Montag, 13. Mai 2024

LG Frankfurt: Fehlendes Rechtsschutzbedürfnis für eine Stufenklage?

In einem laufenden Verfahren verwies die Gegenseite auf das Urteil des Landgerichts Frankfurt vom 29.05.2019 - 2-04 O 242/18. Dieses ist so falsch, dass ich darauf hier kurz eingehen möchte.

Der Pflichtteilsberechtigte erhob eine Stufenklage und forderte in der ersten Stufe ein notarielles Nachlassverzeichnis. Ein Notar war beauftragt, das Verzeichnis lag noch nicht vor. Das LG Frankfurt wies die Klage ab, da dem Pflichtteilsberechtigten das Rechtsschutzbedürfnis fehle. Der Pflichtteilsberechtigte habe noch Auskünfte gefordert und daher sei das notarielle Nachlassverzeichnis noch nicht fertig. Das ist leider falsch.

Das Rechtsschutzbedürfnis kann fehlen, wenn der Kläger einen einfacheren Weg hat, das gleiche Ziel zu erreichen. Mit der Klage erhält der Pflichtteilsberechtigte einen Titel, aus dem er vollstrecken kann. Zudem wird (mit der Stufenklage) die Verjährung recht zuverlässig gehemmt (mit Ausnahme der sechsmonatigen Untätigkeit nach § 204 Absatz 2 BGB). Anders als durch die Klage lässt sich dieses Ziel für den Pflichtteilsberechtigten nicht erreichen. Daher fehlt dieser Klage auch nicht das Rechtsschutzbedürfnis.

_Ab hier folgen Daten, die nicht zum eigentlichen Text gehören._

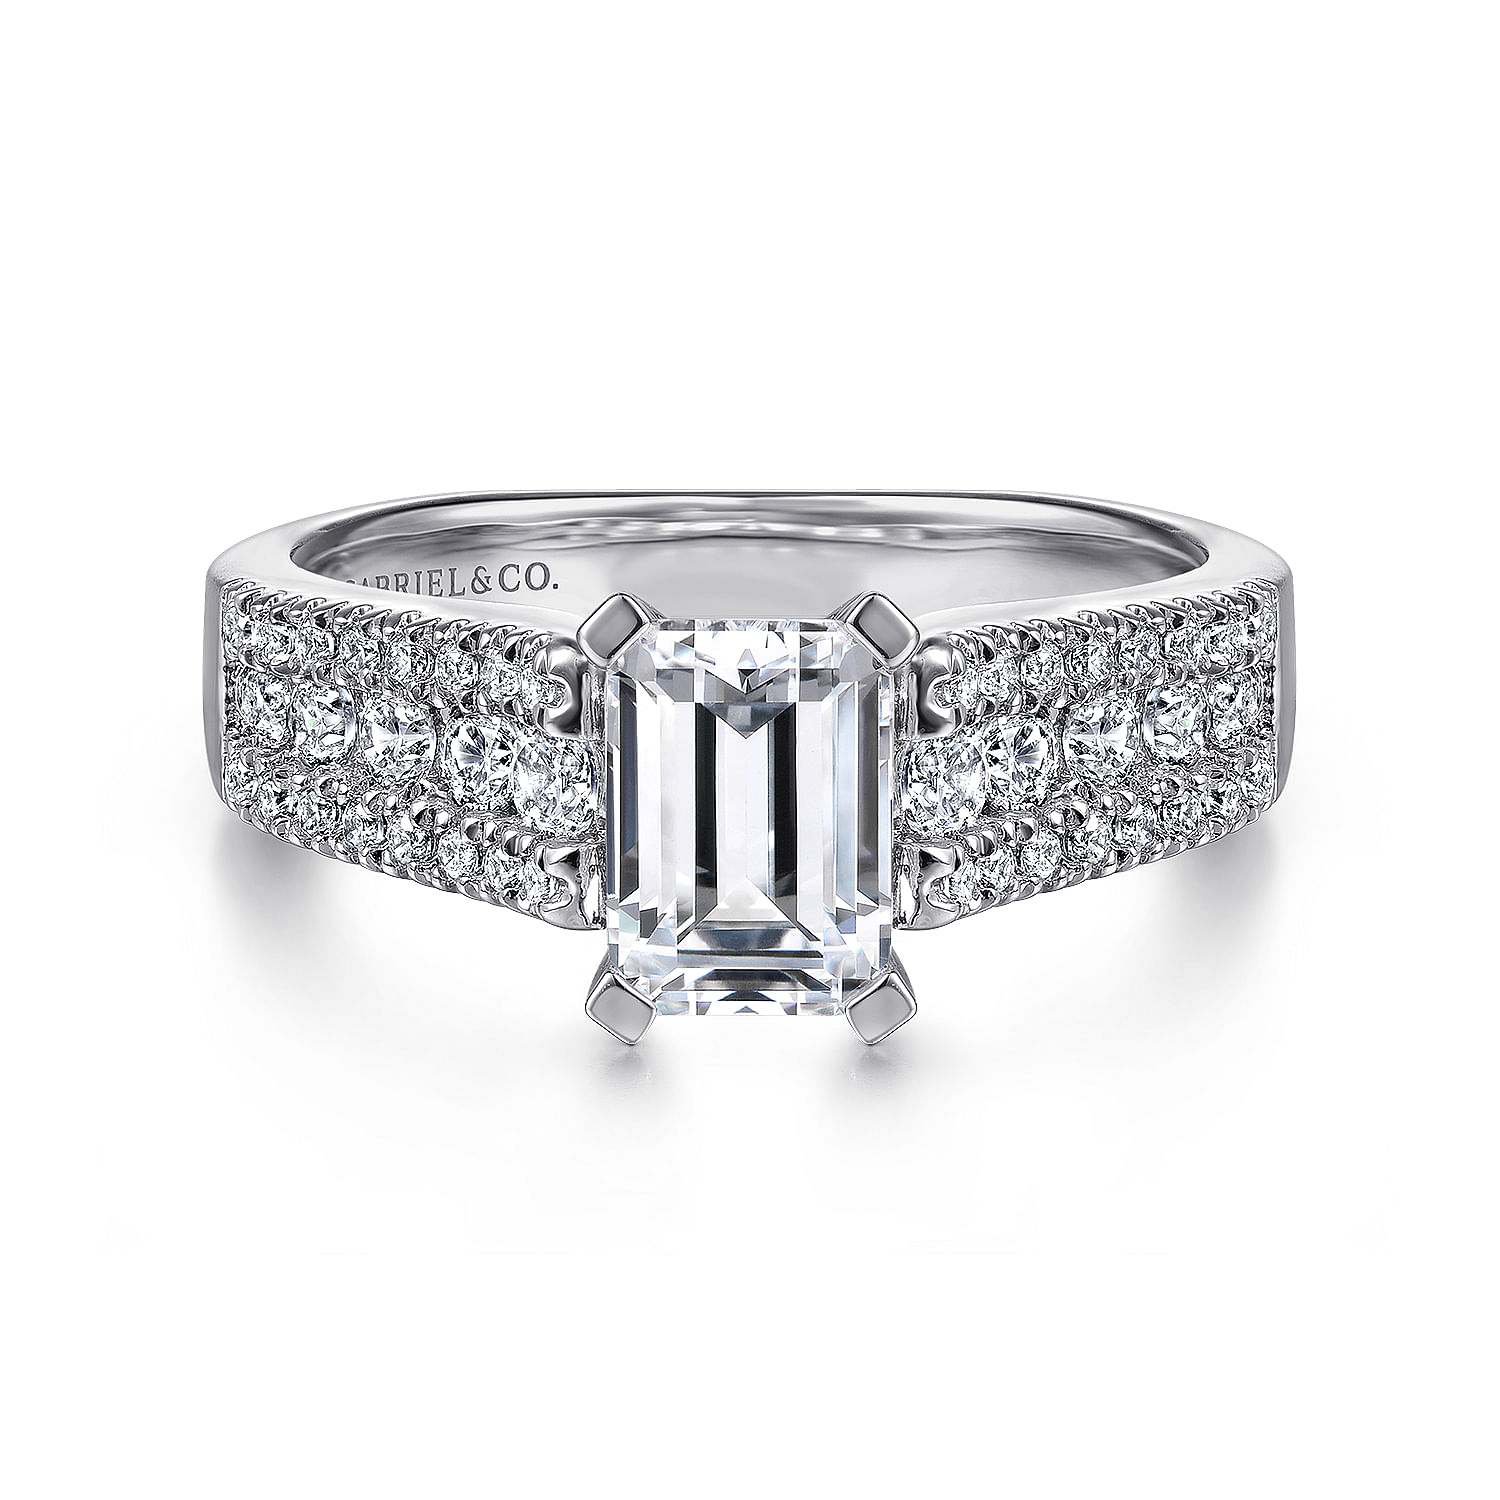 Channing - 14K White Gold Wide Band Emerald Cut Diamond Engagement Ring
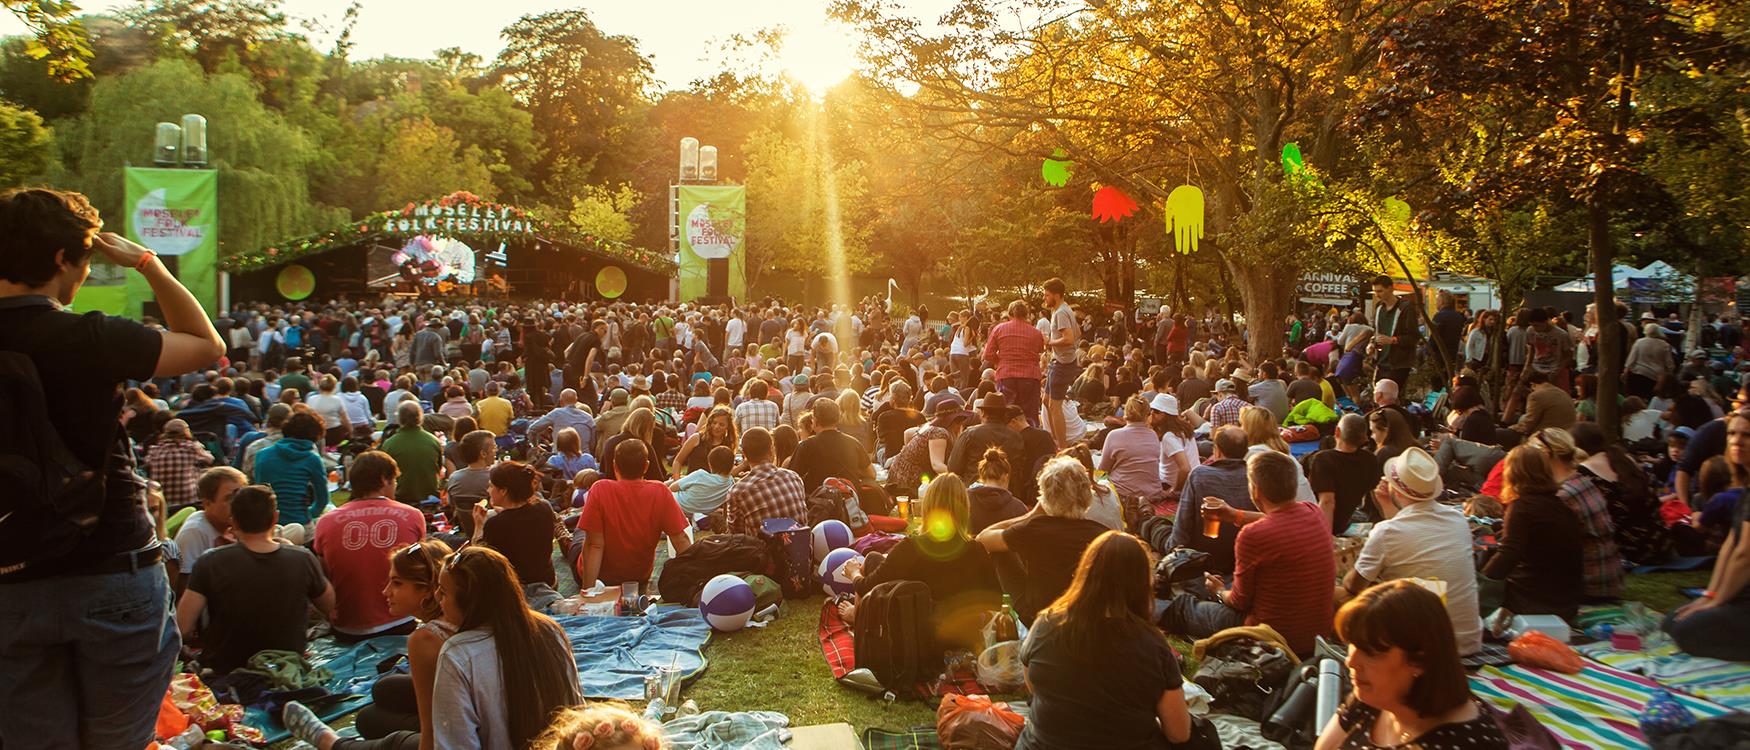 A summer of fun... See what's on (this image: Moseley Folk & Arts Festival)

Das Gericht hat auch etwas ganz anderes geprüft. Es hat geprüft, ob ein Anlass zur Klageerhebung bestand. Dafür gibt es im Gesetz eine Vorschrift, die das LG Frankfurt nicht erwähnt (oder nicht gefunden?) hat. Nach § 93 ZPO kann der Beklagte ein sofortiges Anerkenntnis abgeben. Wenn er vorher keinen Anlass zur Klageerhebung gegeben hat, muss der Kläger die Kosten tragen. Dies ist eine angemessene Regelung. Der Kläger erhält seinen Titel in jedem Fall. Aber wenn er zu früh klagt, trägt er die Kosten.